Post by Laripu » Tue Dec 29, 2015 8:40 pm

gnorwebthgimi wrote:I have been considering adding honey to an all grain beer recipe to make a Braggot.

My key reasons are:

I like to experiment
I think it would give a nice aroma
I think it might interest people* who aren't into hops or are averse to bitterness

My concerns are:

the gravity of the beer will be low
the fermentation will take a long time
there will be no perceptible indication of the honey

Does anyone have any suggestions for a braggot recipe?

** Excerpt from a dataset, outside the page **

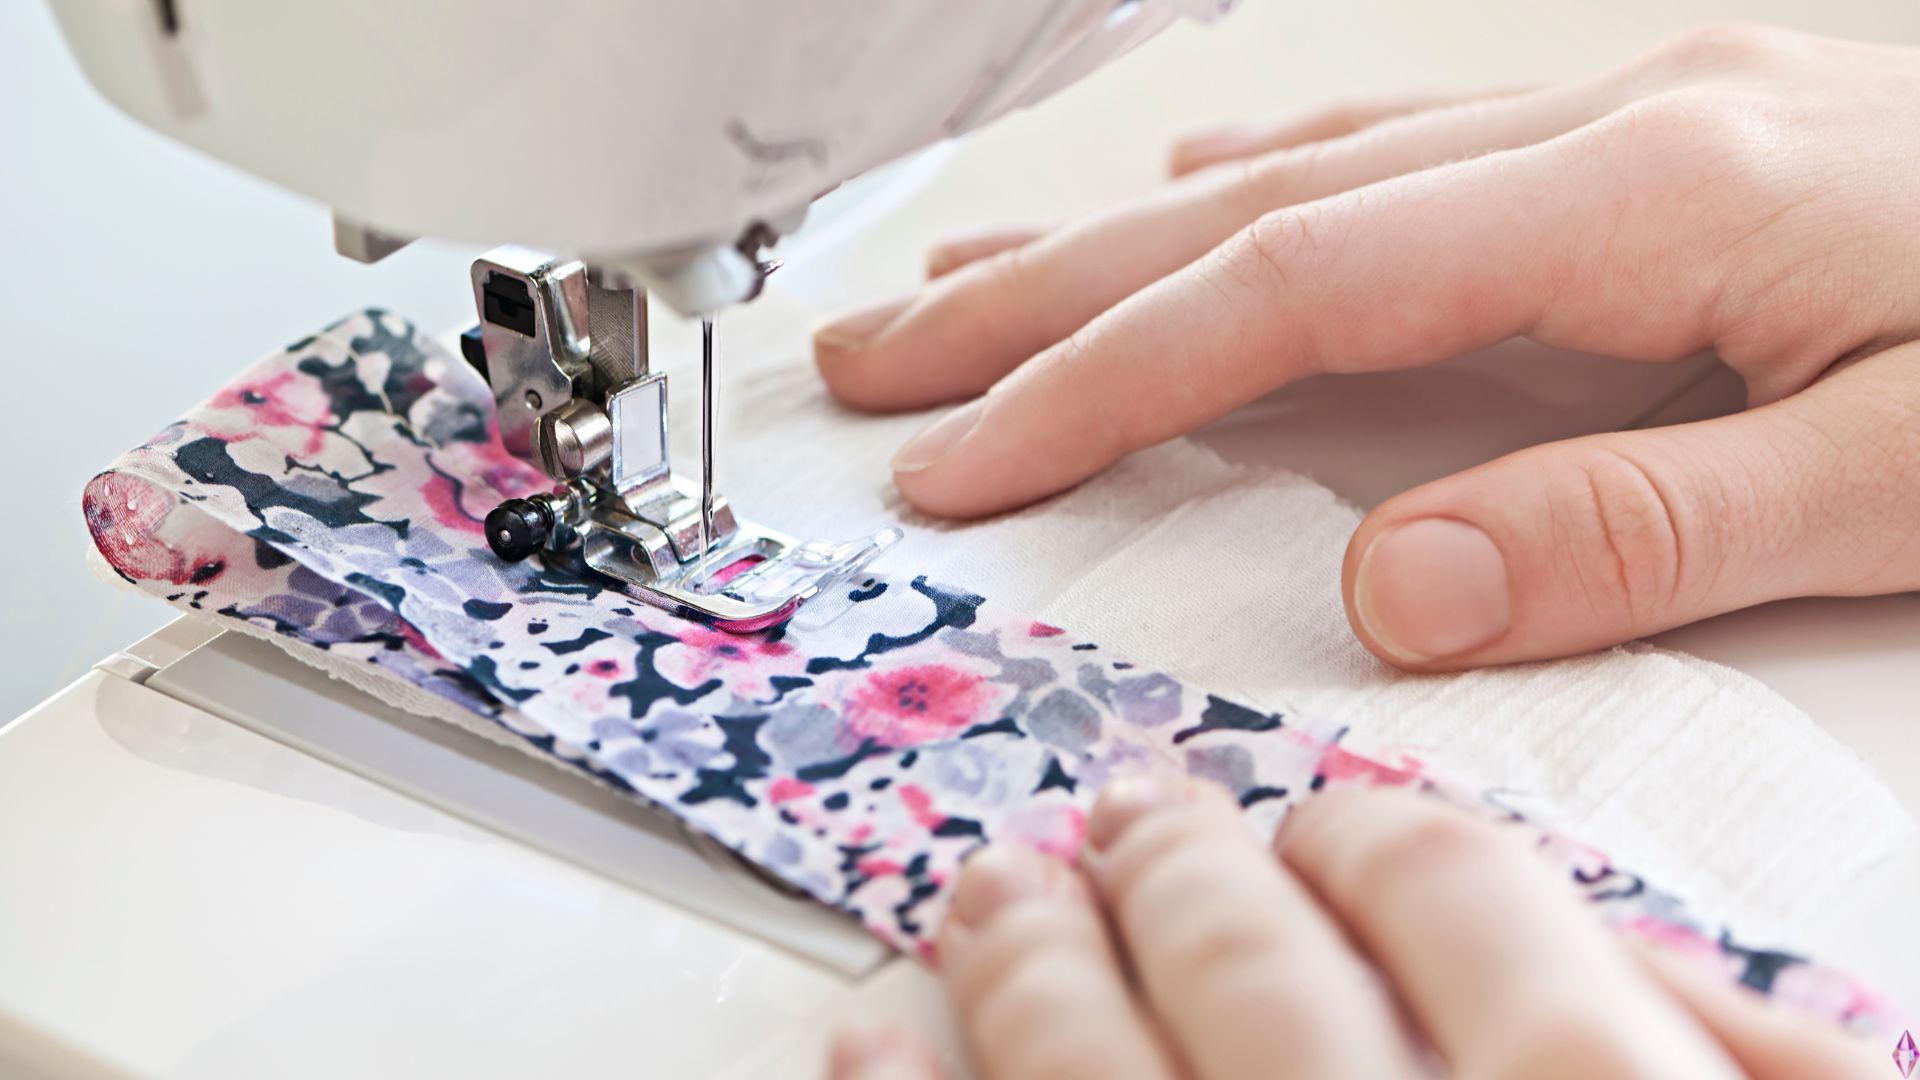 Types Of Sewing Stitches

*How these people ever get invited to my house is beyond me.
Your concerns are answered:

3 kg extra pale dme + 3 kg honey
----- The gravity will not be low.
Don't boil the honey. Add it after the boil is over, and the pot is off the stove. Stir well, and leave it 10 minutes prior to force-cooling.
----- There will be perceptible honey (both from the quantity and the manner of addition)
Add to the boil: various yeast nutrients and 1 drop of olive oil. Ferment with Lalvin EC-1118 (Champagne yeast).
----- Primary fermentation will be about three weeks. Secondary will likely be six weeks. Another 4 weeks bottle conditioning. Be patient: it's worth it. :D

Now go and sin no more. ;)
Secondary FV: As yet unnamed Weizenbock ~7%
Bulk aging: Soodo: Grocery store grape juice wine experiment.
Drinking: Mostly Canadian whisky until I start brewing again.